Ici je ne peux pas revenir en arrière, je ne peux pas revivre l'année précédente ; je ne cesse au contraire de m'en éloigner, le souvenir même que j'en ai évolue et se transfigure.

Le temps emporte tout sans retour, il m'empêche de fixer quoi que ce soit.

Héraclite, sensible au changements perpétuel de l'univers (« on ne se baigne jamais deux fois dans le même fleuve »), a senti l'indifférence destructrice du temps, cet « enfant qui s'amuse à jouer aux dames ». On ne se baigne jamais deux fois dans le même fleuve. HÉRACLITE Héraclite défend une conception du monde selon laquelle le monde est en éternel devenir, en éternel changement et; pour nous le faire comprendre, prend l'image du fleuve toujours changeant. Et ce, avec la conséquence suivante : « C'est justement cette grâce de la deuxième fois qui nous est refusée...

chaque fois est à la fois première et dernière, et pour cette raison nous la disons primultime ».

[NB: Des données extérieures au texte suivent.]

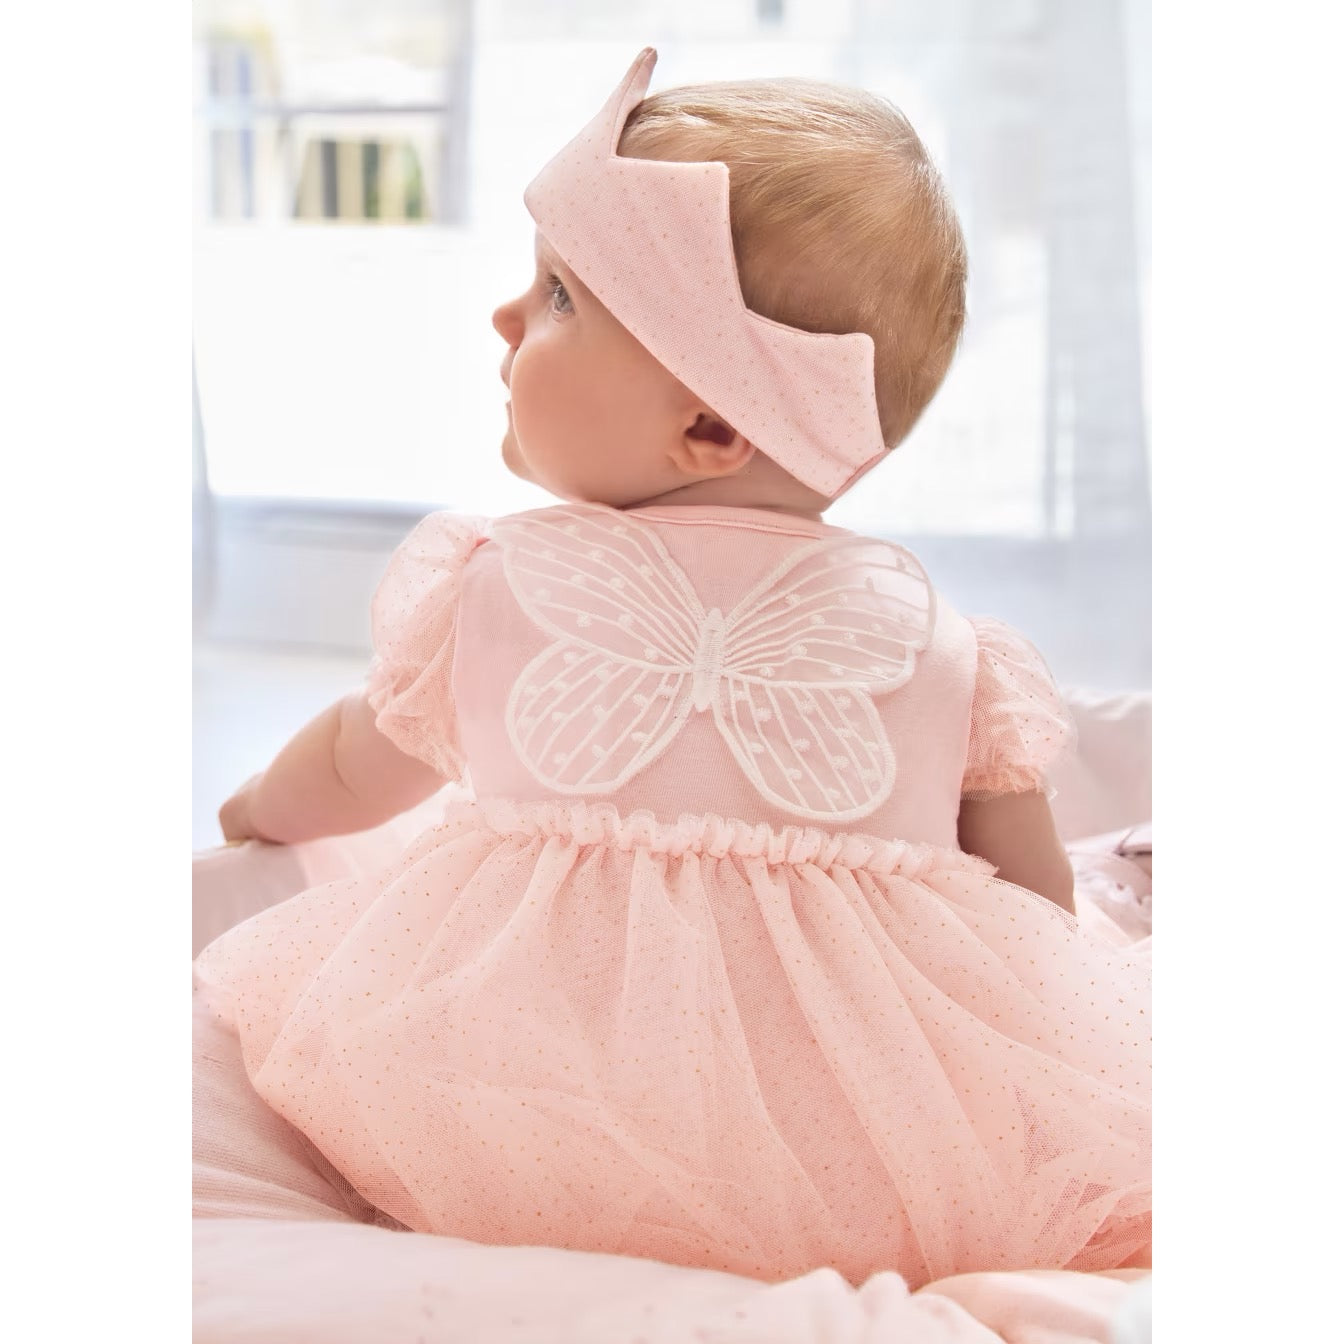 Mayoral Baby Girls Romper Dress And Headband Set 1629 Antique Pink Clothing 4-6M / Antique Pink,6-9M / Antique Pink,12M / Antique Pink,18M / Antique Pink

Telle est pour Jankélévitch la « primultimité » du temps, conséquence de son irréversibilité. Proust a été affecté plus que tout autre par l'irréversibilité tragique du temps contre laquelle notre coeur se révolte vainement. Assistant, à la fin de sa fin, après des années de solitude, à une soirée mondaine, il retrouve des gens connus autrefois si profondément transformés qu'il a l'impression d'assister à un bal masqué.

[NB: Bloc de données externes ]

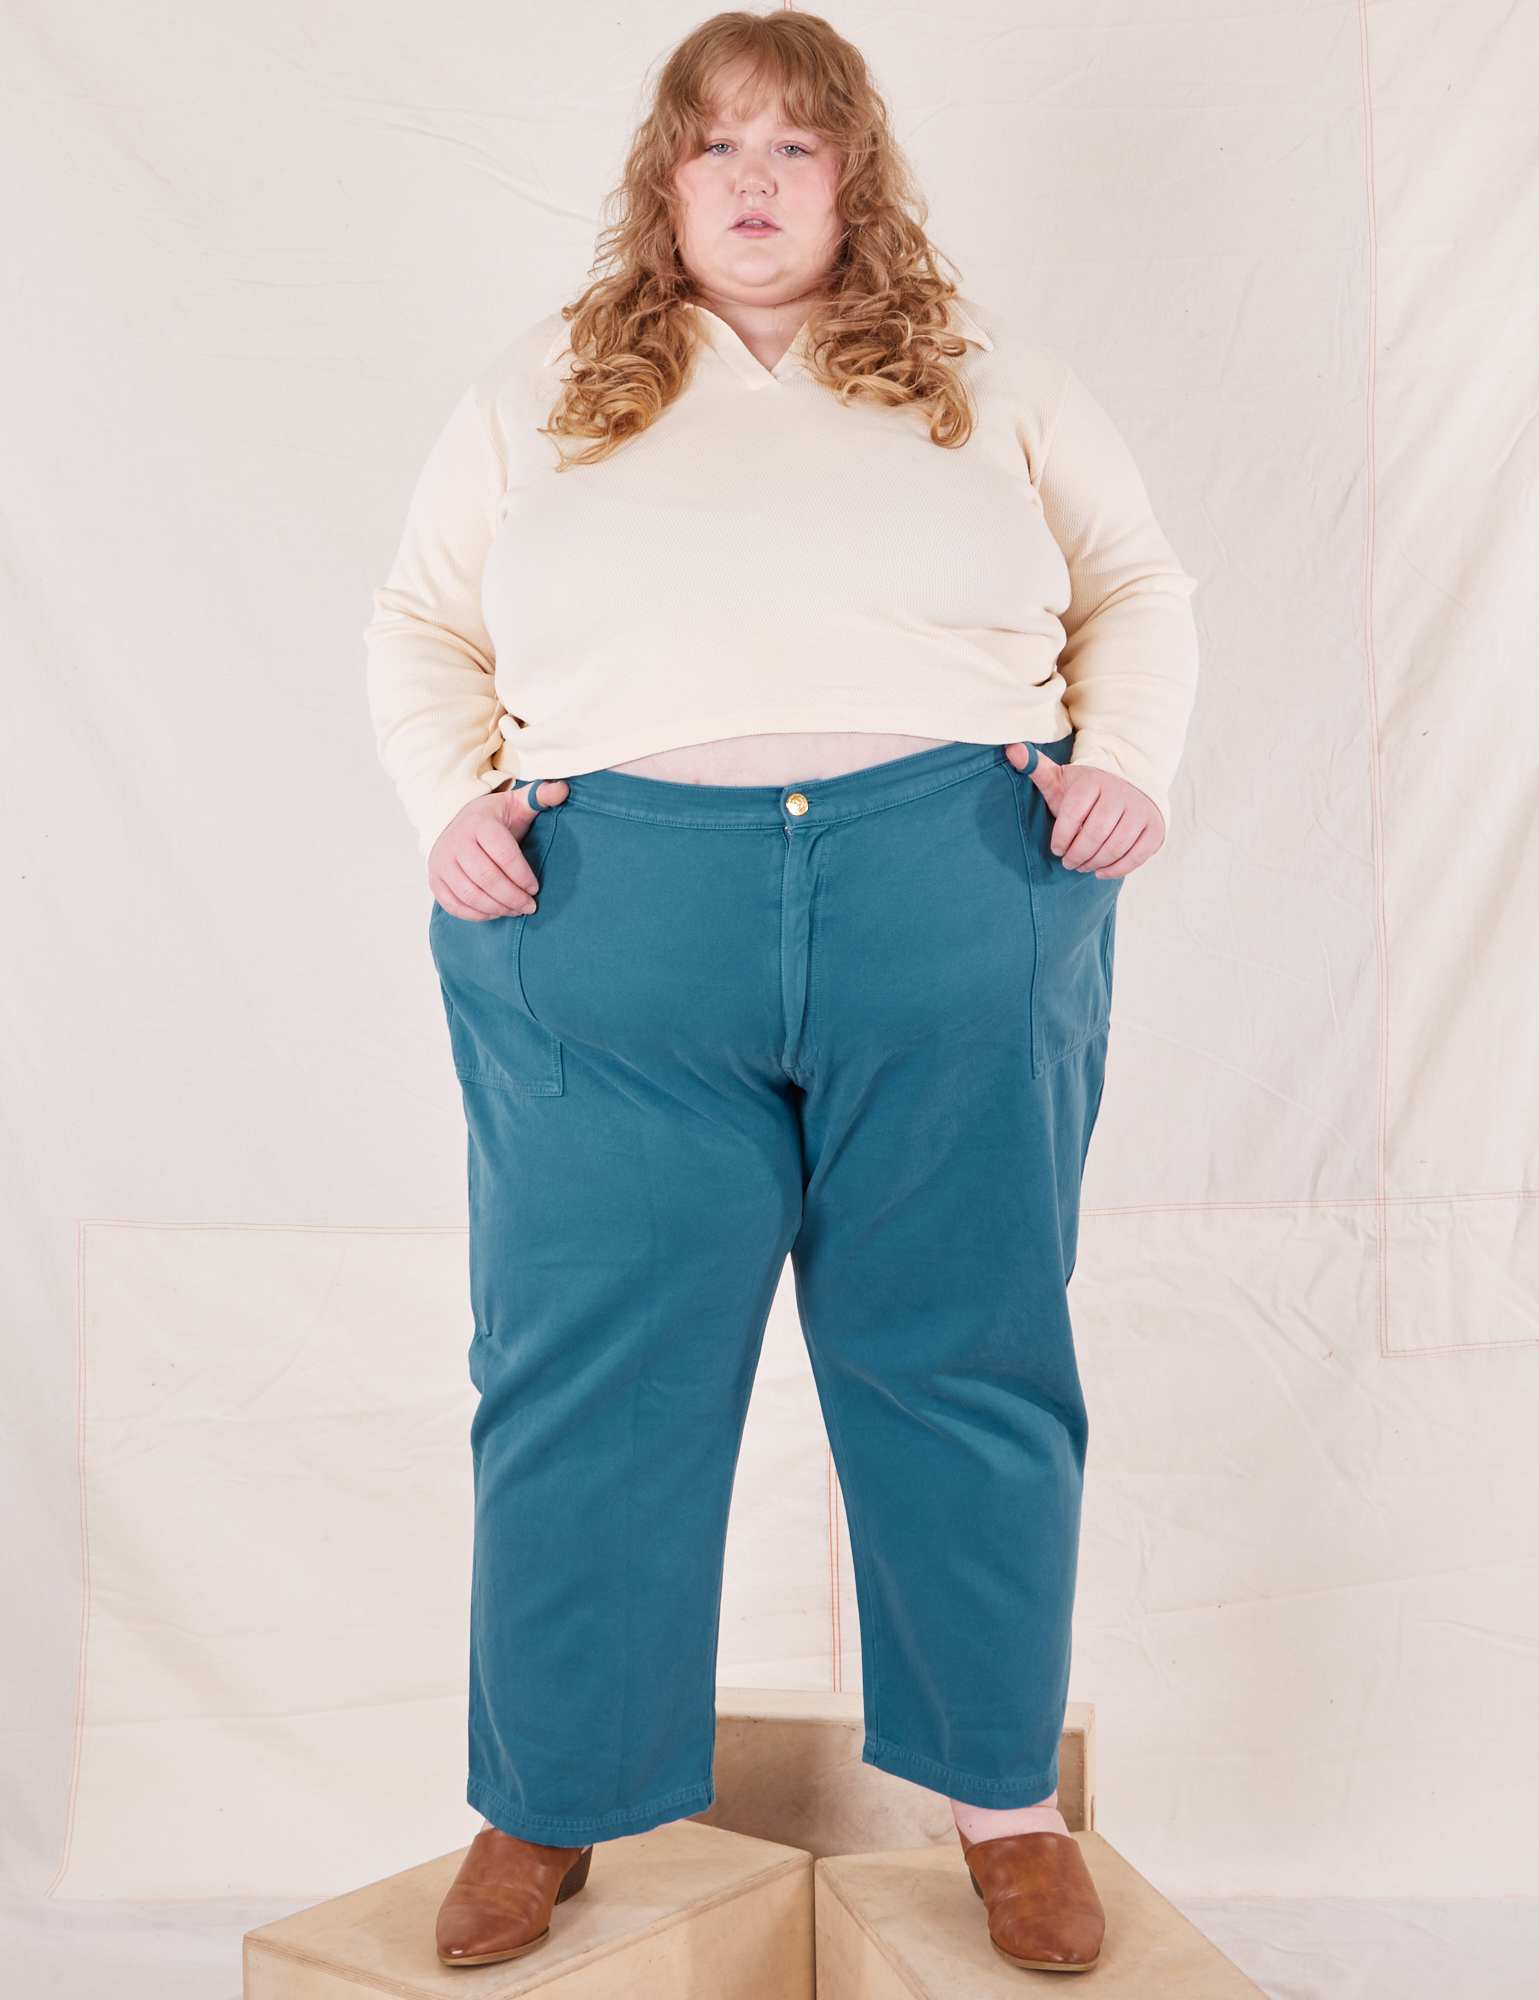 Catie is 5&#39;11&quot; and wearing 5XL Organic Work Pants in Marine Blue paired with vintage off-white Long Sleeve Fisherman Polo

Cette blonde valseuse s'est déguisée en une pesante douairière, ce fringant lieutenant s'est donné les galons, l'embonpoint et les cheveux blanc d'un colonel : « Mais ces êtres qu'ils se sont faites de puis longtemps sans le vouloir ne se laissent pas défaire par un débarbouillage, une fois la fête finie.

» (« Le temps retrouvé »). Malgré tout notre désir, nous ne pouvons conjurer l'irréversibilité du temps.

Proust pensait que la magie du souvenir pouvait nous restituer avec toute leur nuance émotive certains instants privilégiés.

C'est la théorie de la mémoire affective.

En réalité, nous ne retrouvons jamais tout à fait par la mémoire le passé tel que nous l'avions vécu.

Car notre évocation est fonction de ce que nous sommes devenus et nos souvenirs évoluent avec nous-mêmes.

Un autre témoignage du refus par le coeur humain de l'irréversibilité temporelle nous est donné par le mythe de l'éternel retour : les stoïciens croyaient qu'au terme d'un cycle de plusieurs milliers d'années, à la suite d'une conflagration universelle, tout le cours du temps recommençait avec les mêmes péripéties.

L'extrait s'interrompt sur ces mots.